The men turn out to be FBI agents. One of them goes into this story that a woman on a concession line early in Game 2 at Riverfront Stadium stood behind this man who was saying to no one in particular, “If that guy on Oakland hits another homer, I’m gonna put a bullet in his head as he rounds third base.” A couple of people around him laughed it off, but this one woman went to an usher who grabbed security and a police officer. They found the guy, got him out of the line and sure enough he had a .22 in one pocket (loaded, too) and bottle of bourbon in the other. They kept all this commotion away from me until the game was over. From that point on, I was battery mates with the FBI for the rest of the series. I had to travel with the FBI – I didn’t even get to go with the team anymore. Riding in unmarked, bullet-proof cars, I’m not gonna lie, it was kind of cool. They just followed me all over. Leaving ballparks from exits unknown to the general public. 24-hour surveillance. FBI agents guarding my hotel room door. Treating me like a rock star, but it was too much, I’m just trying to win a world series and some lunatic was out there wanting to pop a cap in me. Yeah sure, they caught the guy, but they still went through precautionary measures. Who knows if he was working with someone else. Sounds crazy, but you never know. Funny ending to this story. 10 years later, I’m with the Cardinals, going back to the series in ’82 against the Milwaukee Brewers, guess who I get a letter from? “Mr. Tenace, I’m so sorry what I put you through. It was a bad time in my life. In and out of jail, broke. Please forgive me.” How about that? He was apologizing. Fine, I guess, but I couldn’t believe, 10 years later, this guy’s still got me on his mind? Are you kidding me?
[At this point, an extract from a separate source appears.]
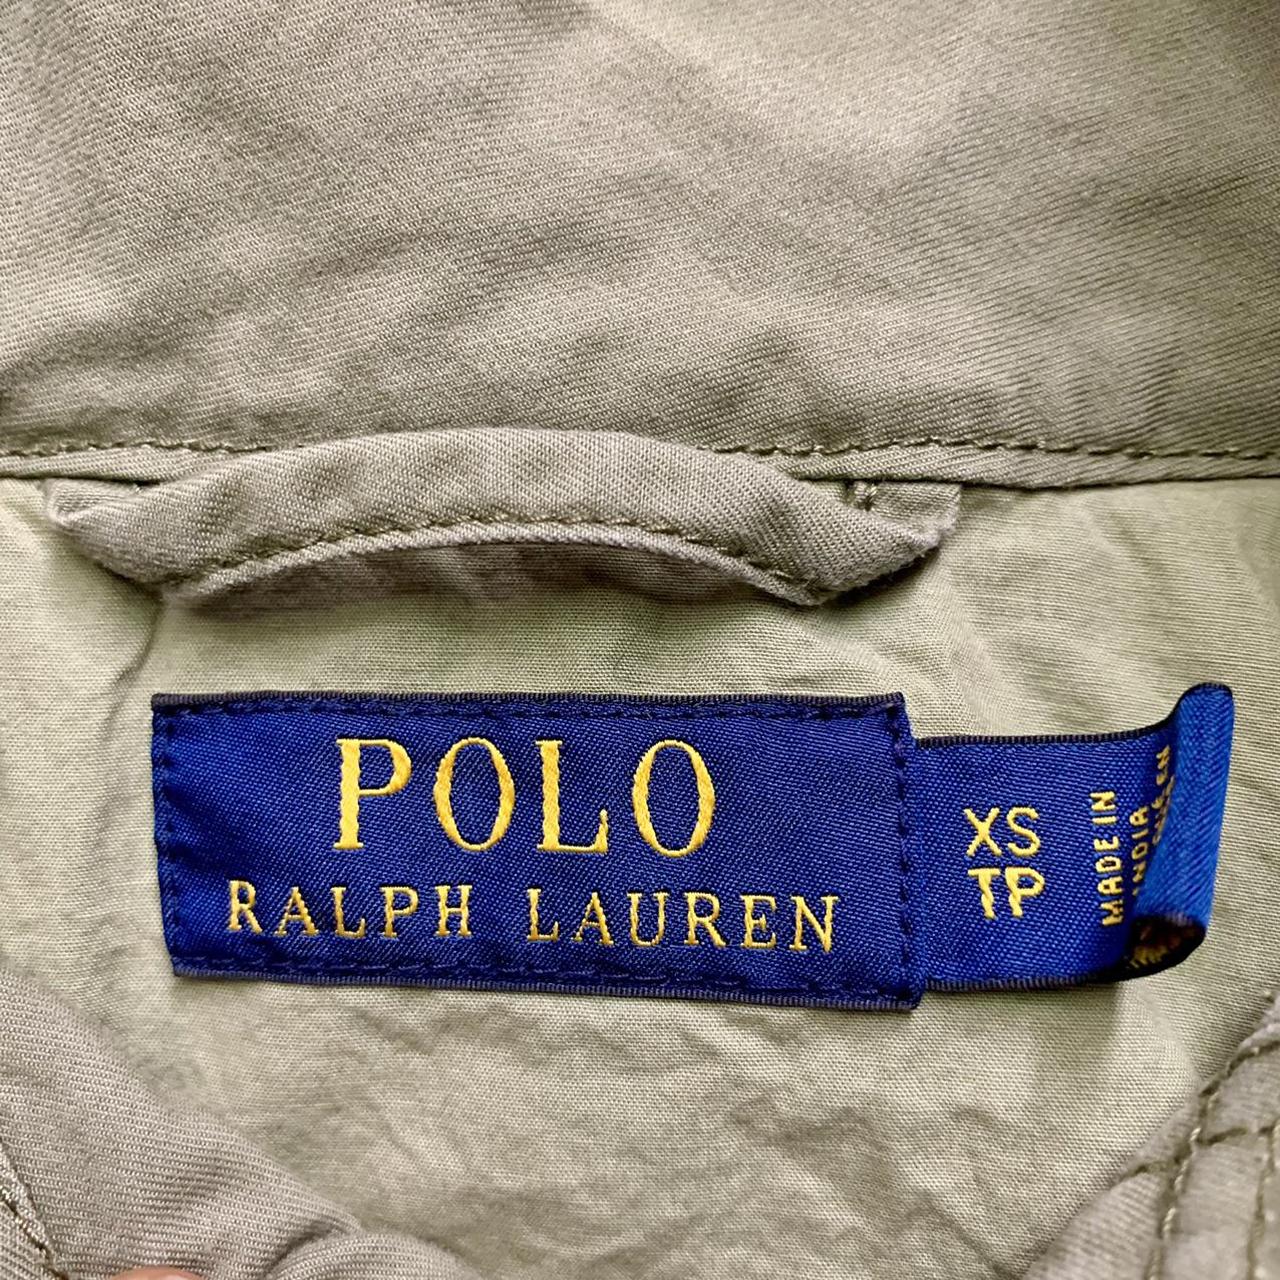 Polo Ralph Lauren army jacket - Depop

We ended winning (game 7) 3-2. I was named the MVP of the series. NBC broadcast the games and their owner, RCA sent me this enormous home unit entertainment center as part of my award. When the delivery men carrying this thing got to my house, man, this sucker was so big it took like four guys to carry the thing off the truck. Had to get the neighbors to come over and help me get it in the house. We open it in my den and sure enough it had a nice, big television screen and eight-track tape player in it, too. Got to hear my Elvis and Frank Sinatra music in stereo. Lots of Country & Western also played on that hifi for many years.
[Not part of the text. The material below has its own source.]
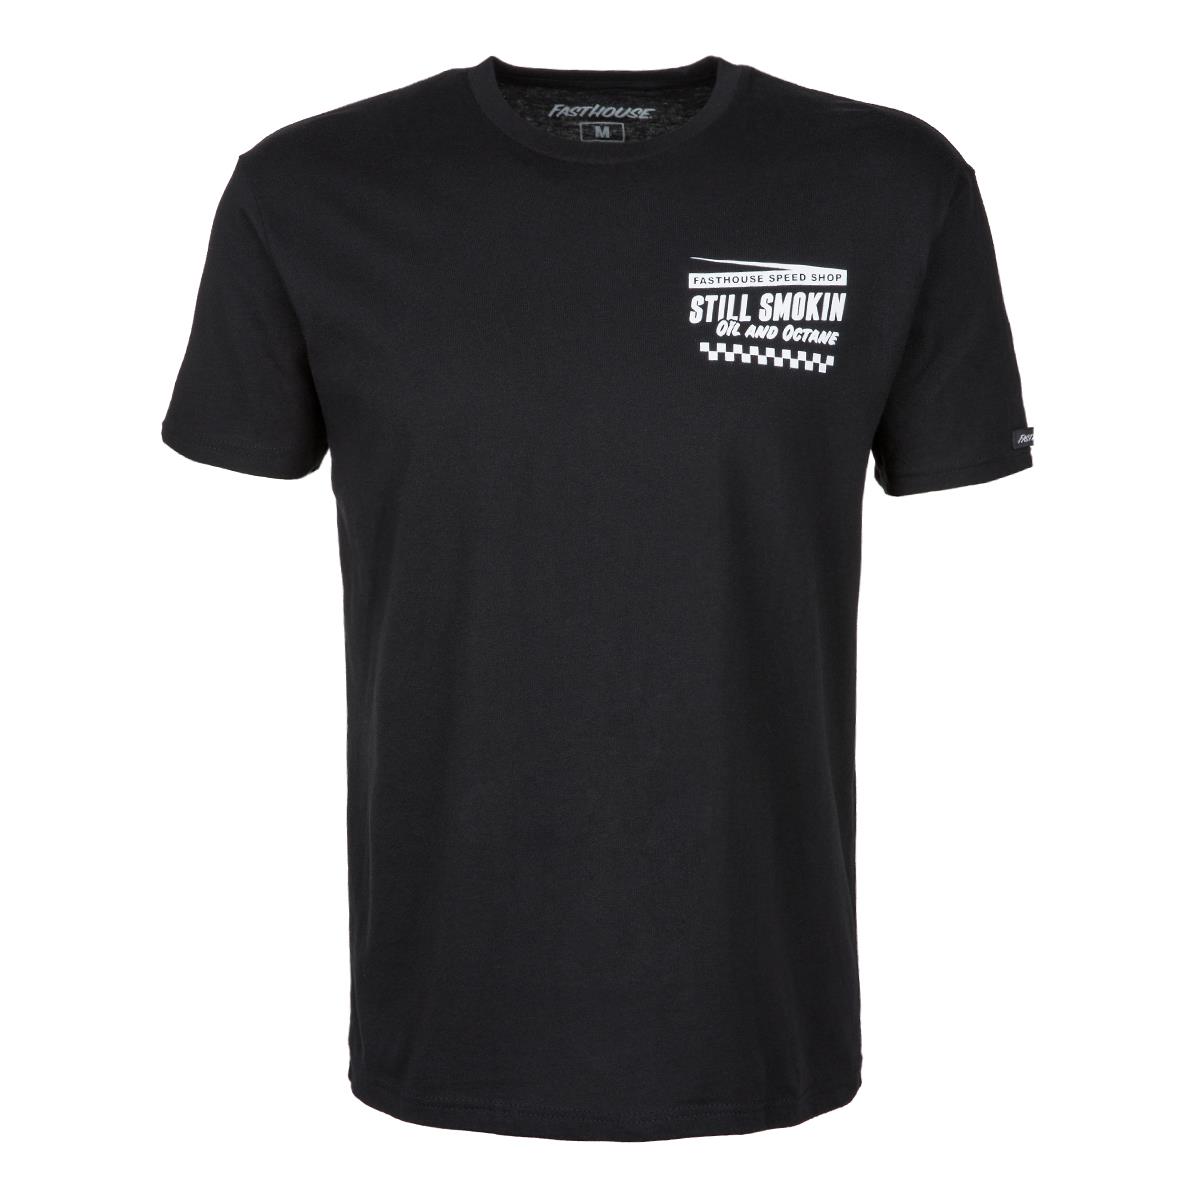 Fasthouse T-Shirt Still Smokin Black

That night in the offseason, my wife went to sleep early and I tucked in the kids in bed. Everyone was excited about the new piece of cool furniture. I was excited about finally having some peace and quiet at last.
I cracked open a beer, sat back on my recliner and enjoyed my new hifi, just the three of us. Elvis, The King. Frank, The Chairman. Most importantly, the memory of my 1972 Oakland A’s teammates.